This is so important that I think we need to have a credible set of examples which are feasible and consistent with the other things we're brainstorming. 
I think we can create several threads for each example, but I do not think we can foresee what developers will do and make available. I have some ideas, but this community is way more than me for sure. I am glad about that.  

[snip]

> In essence safecoin should be the only way to purchase these services on the SAFE network, although exchanges will happen. The re-cycling is the killer app in this case and I think the search for that type of application is important. 

Agreed then, but this won't happen unless we make it happen, and if we rely on coercion the task will be unmanageable, so we need to at least make this the easiest way, if not the only, way to charge for SAFE apps. 
I agree, I also think safecoin will be the only way as time goes by. This is where I think a very strong community will help, if the first app was a voting system then this would be much easier.  

> When speed, efficiency and anonymity are required then safecoin is great. 

Is this so? Is there an implementation spec or whitepaper? 
Not so much, I can try and explain more in another blog post. Essentially as safecoins are in themselves digital assets, then the transfer will be a network atomic digitally signed update to a coin. Each coin will have previous owner who signs the current owner. This means that to prove coins you will have to give the addresses to a person, they can confirm you own the coin. To transfer it you (the current owner) can become the previous owner and sign the new owner. In this way we preserve anonymity, but importantly the process of the signature si fast, therefor signing over a coin will be anonymised to reveal only the previous owner and fast as each coin (bit of data) is signed and stored (via a PUT request signed by the current owner). In that way we do not wait for a chain of hash proofs. The transaction is very fast and amortised across the network.

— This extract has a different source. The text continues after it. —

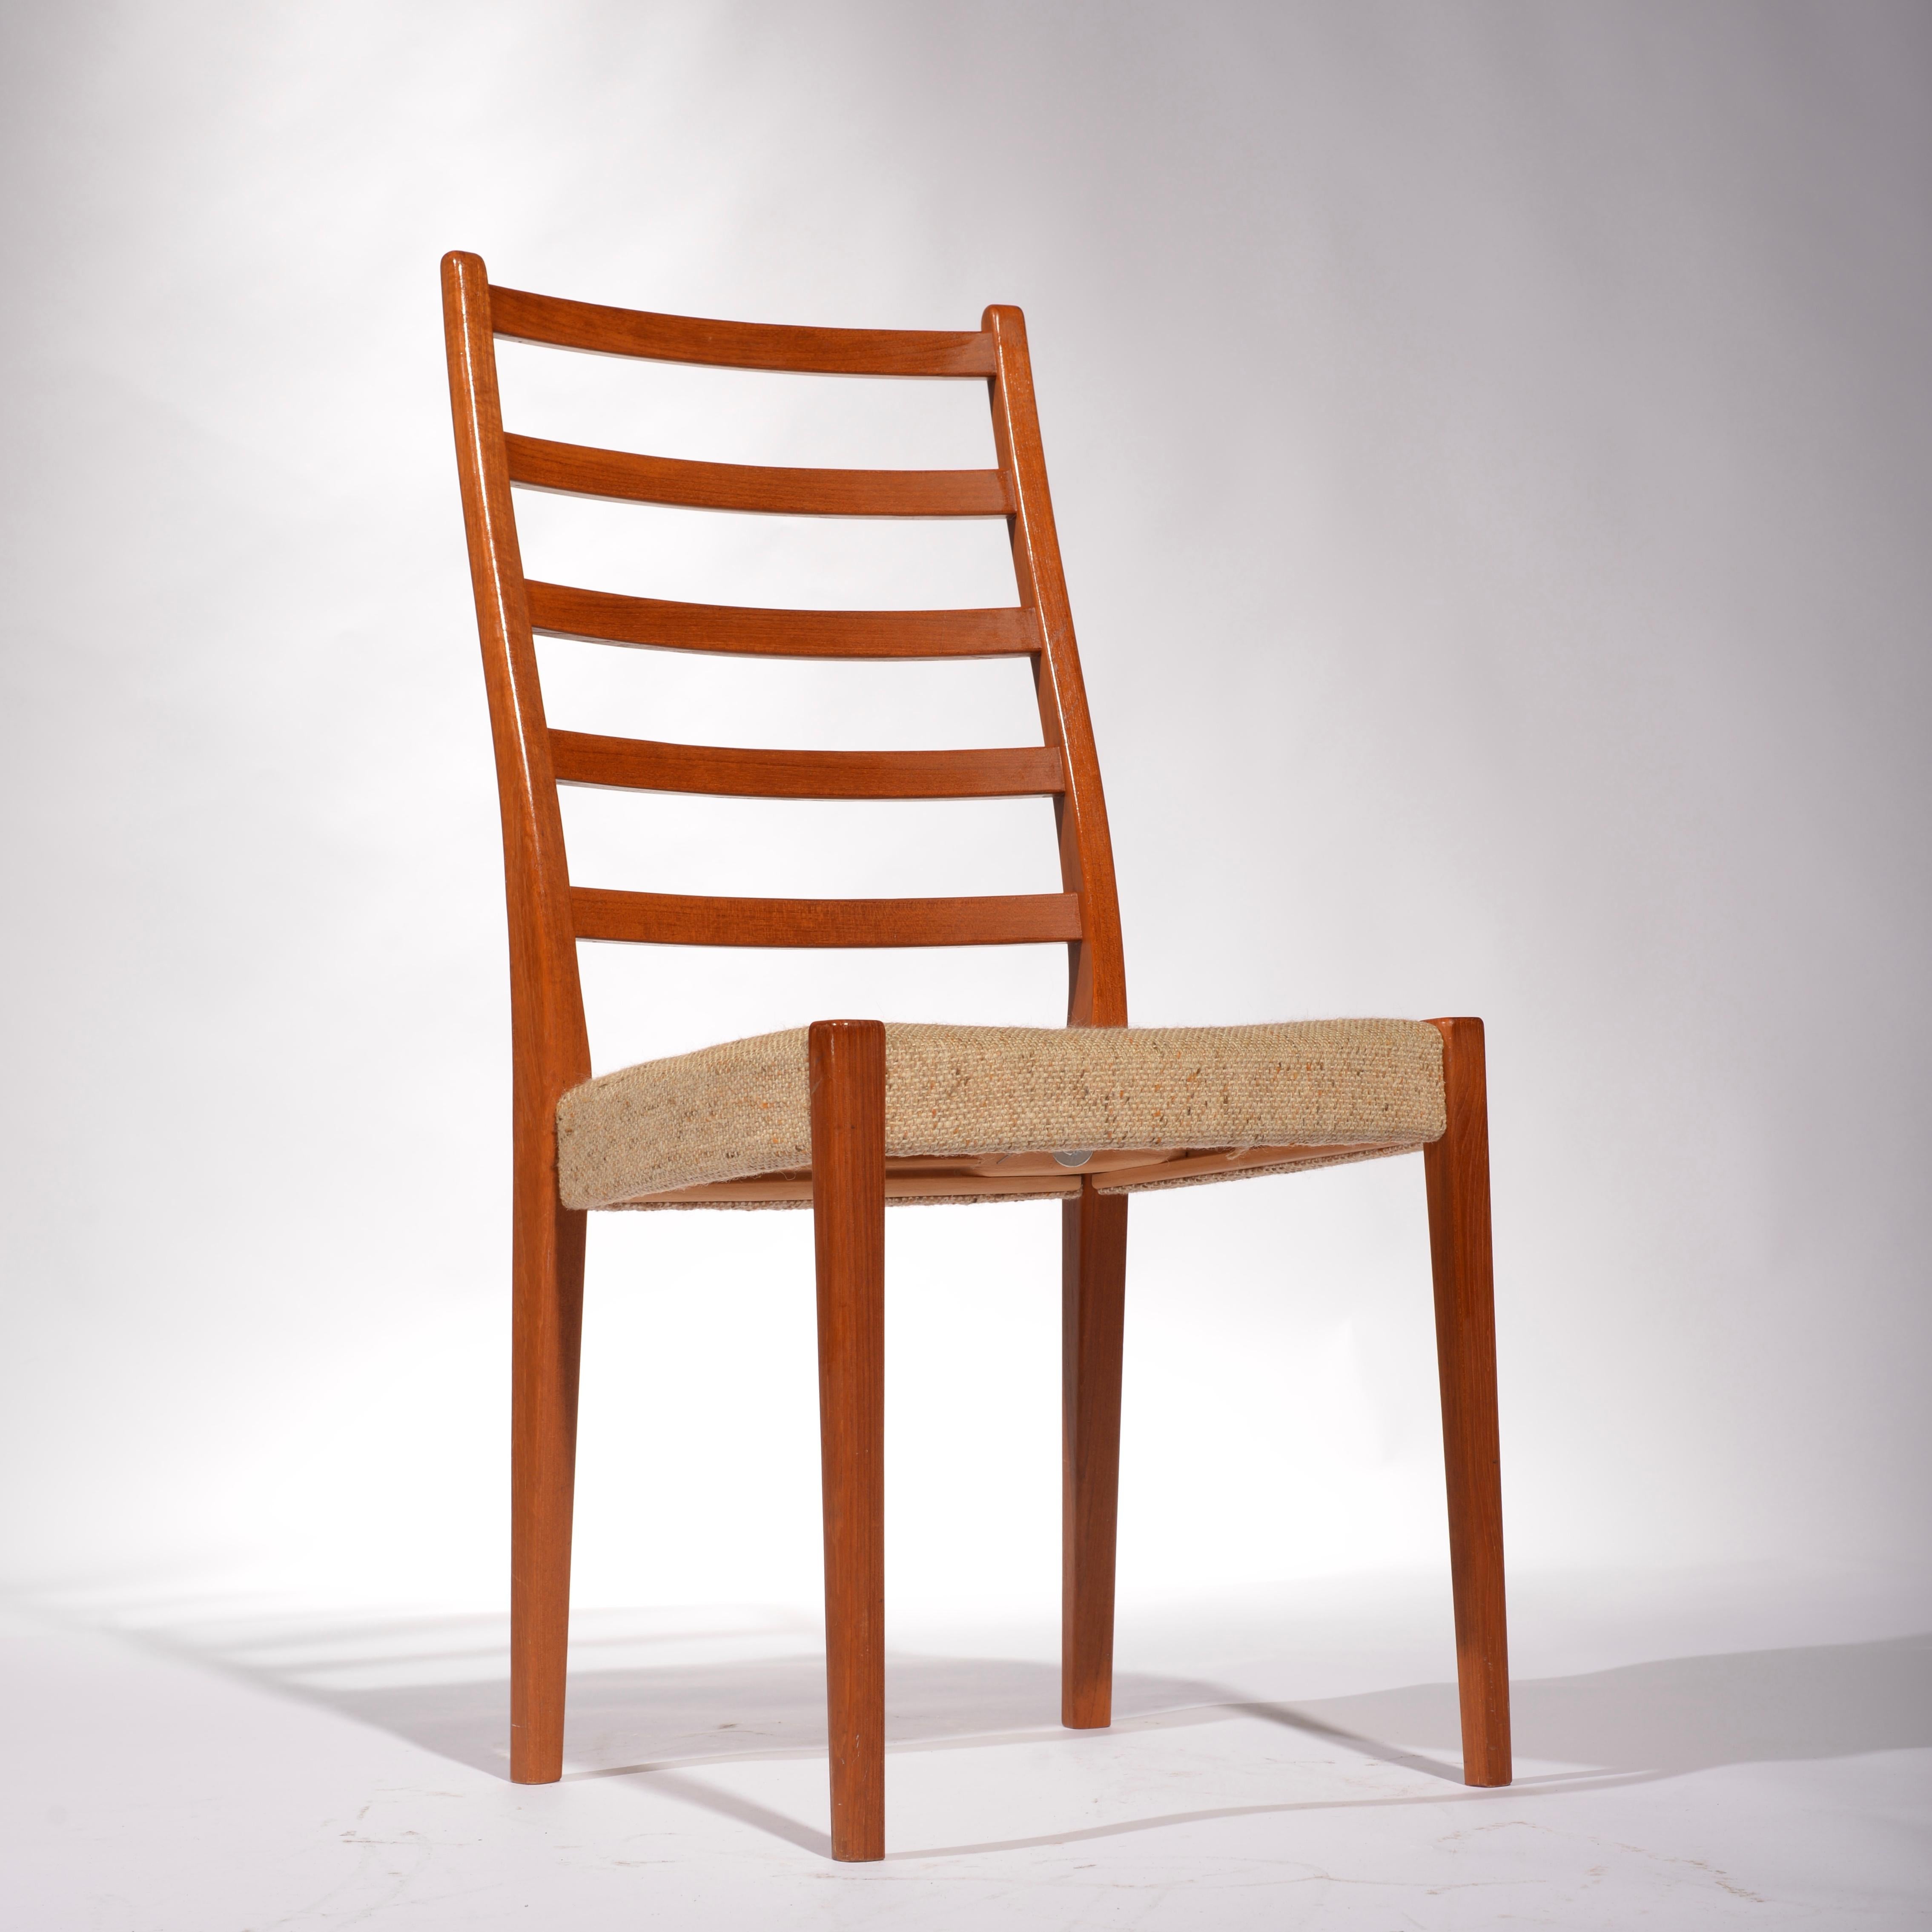 Mid-20th Century 6 Teak Dining Chairs by Svegards Markaryd, Sweden For Sale

Copy of a coin is useless as only connected nodes can confirm a coin by asking the network for it. This prevents double spend (why atomic transactions are important), which is the key issue in  crypto currency. Any differences are easily resolved as each coin will have a transaction number (increment ++trans_num). 

there is a good bit more., I will try and do a full paper on this.  Essentially it is a very fast anonymous and simple operation. If a node is internet connected it can also tie in with the bitcoin blockchain allowing currency conversion between crypto currencies. It is likley this is the case for outlets who whish to confirm transacitons. 

Each coin is splittable 10^8 and each part is contained in a single (in terms of address) network location, so change is very fast as well. 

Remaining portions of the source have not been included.